Hablar de la comunidad es recordar, es decir, volver a pasar por el corazón. Fue en 1978 cuando nació la comunidad, creando así un espacio donde compartir vida y trabajo, desde el impulso de personas que arriesgaron lo poco que tenían para poder ayudar a otros que estaban en peor situación. Y en ese hecho, se germinó una utopía, ya que a partir de ahí, nuestro crecimiento personal y colectivo no se basaría en mirarnos a nosotros mismos, sino en tener la mirada y los compromisos en “los otros” y “lo otro”. Así nació nuestro compromiso político y solidario; así nació el germen de la utopía. Aquellos fueron los primeros pasos que marcarían un camino que sigue dibujándose cada día.

Hablar de la comunidad es hablar en presente y del presente. Más que nunca, la comunidad se torna imprescindible ante un sistema depredador, perverso, generador de injusticia y de desigualdad. Un sistema que funciona en beneficio de unos pocos a costa de unos muchos, de los muchísimos, de la muchedumbre. La comunidad es el palpitar de la resistencia, es pulmón para la lucha. Ante un mundo desértico en crisis, la comunidad es tierra fértil de alternativas, de otro mundo que lo vemos posible y que lo hacemos posible en nuestro día a día desde la acogida, el trabajo, la vida en grupo y la solidaridad.

*En la comunidad acogemos a las personas en calidad de seres humanos, sin ser condicionadas a su pasado, a su origen, a sus opiniones u opciones personales.

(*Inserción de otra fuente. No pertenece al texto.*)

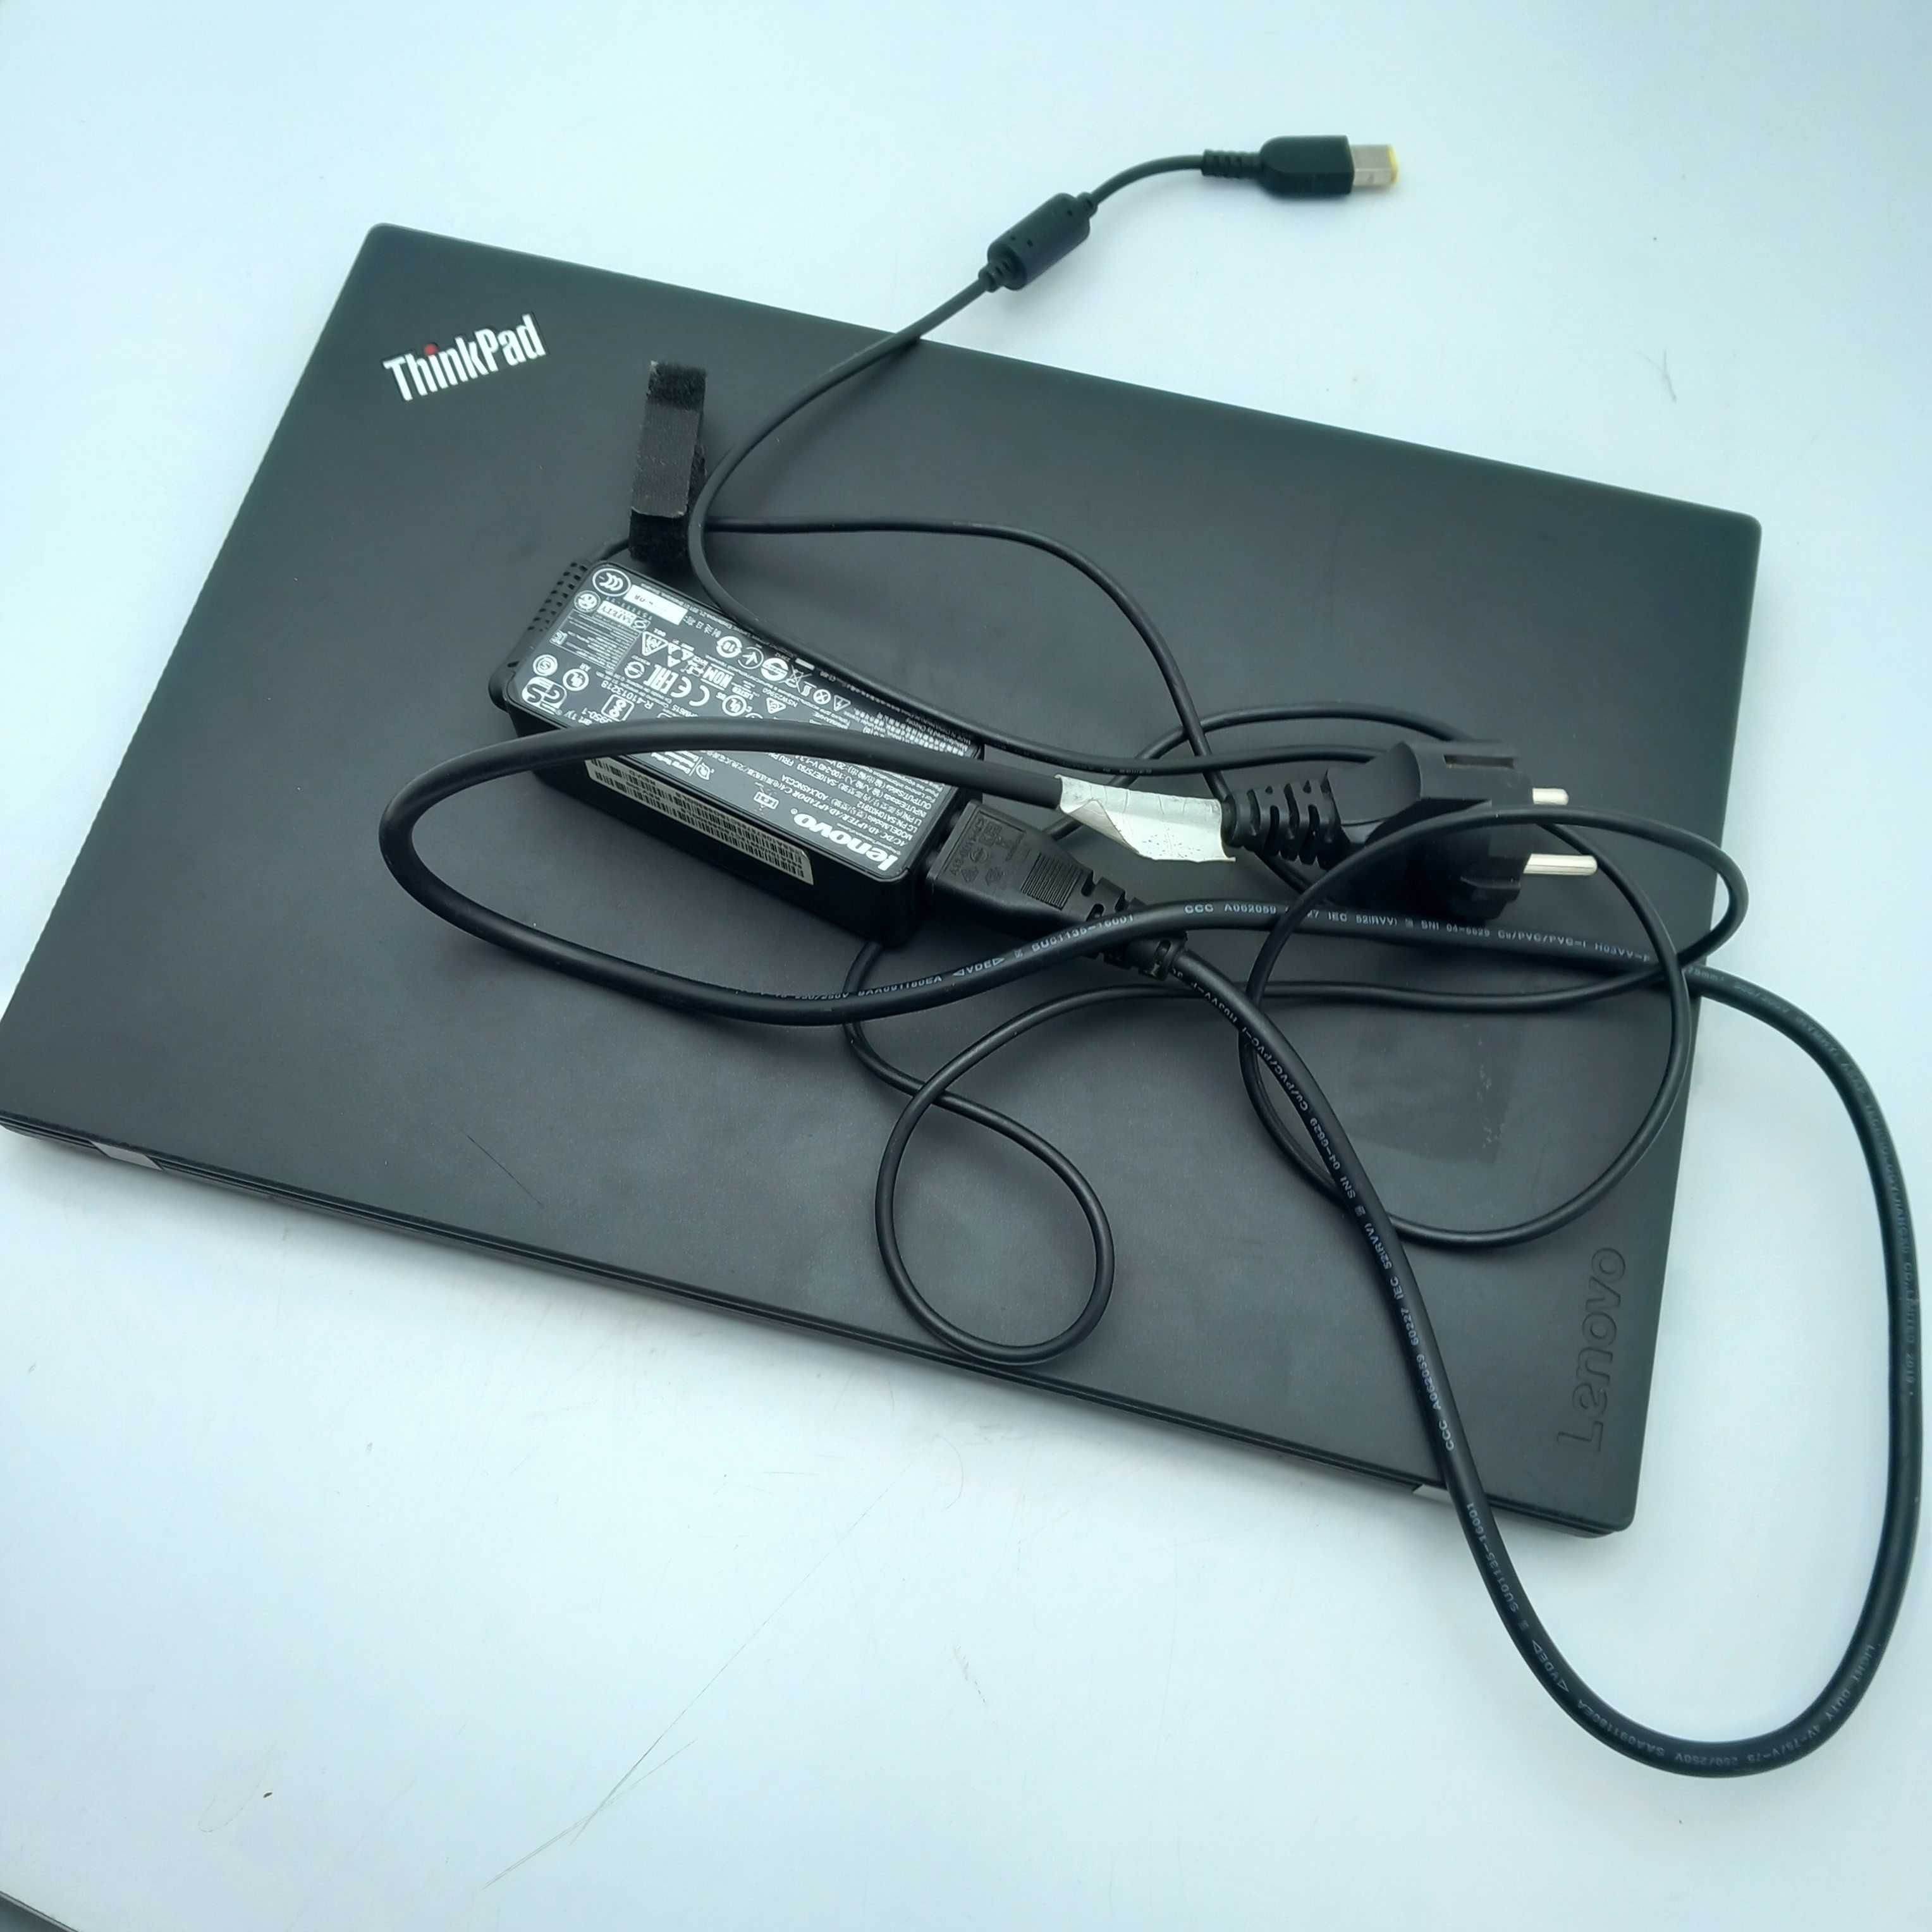 Laptop Lenovo ThinkPad T470 i5-6200U 14 " Intel Core i5 8 GB / 256 GB

*En la comunidad trabajamos, porque dependemos exclusivamente de nuestro trabajo. Esto garantiza nuestra libertad y la obtención de los recursos para el sostenimiento de nuestros principios y de nuestras necesidades. El que todos tengamos igualdad salarial refuerza nuestras convicciones y nos hace creíbles.

*En la comunidad aprendemos a vivir en grupo, tomando la diversidad como la expresión de nuestra mayor riqueza. La exigencia de la responsabilidad y participación colectiva y la ternura de las relaciones y la convivencia se entretejen para abrazarse inevitablemente bajo el mismo techo. Y este mismo techo se muestra tajante y excluyente ante los hábitos insaludables y comportamientos agresivos.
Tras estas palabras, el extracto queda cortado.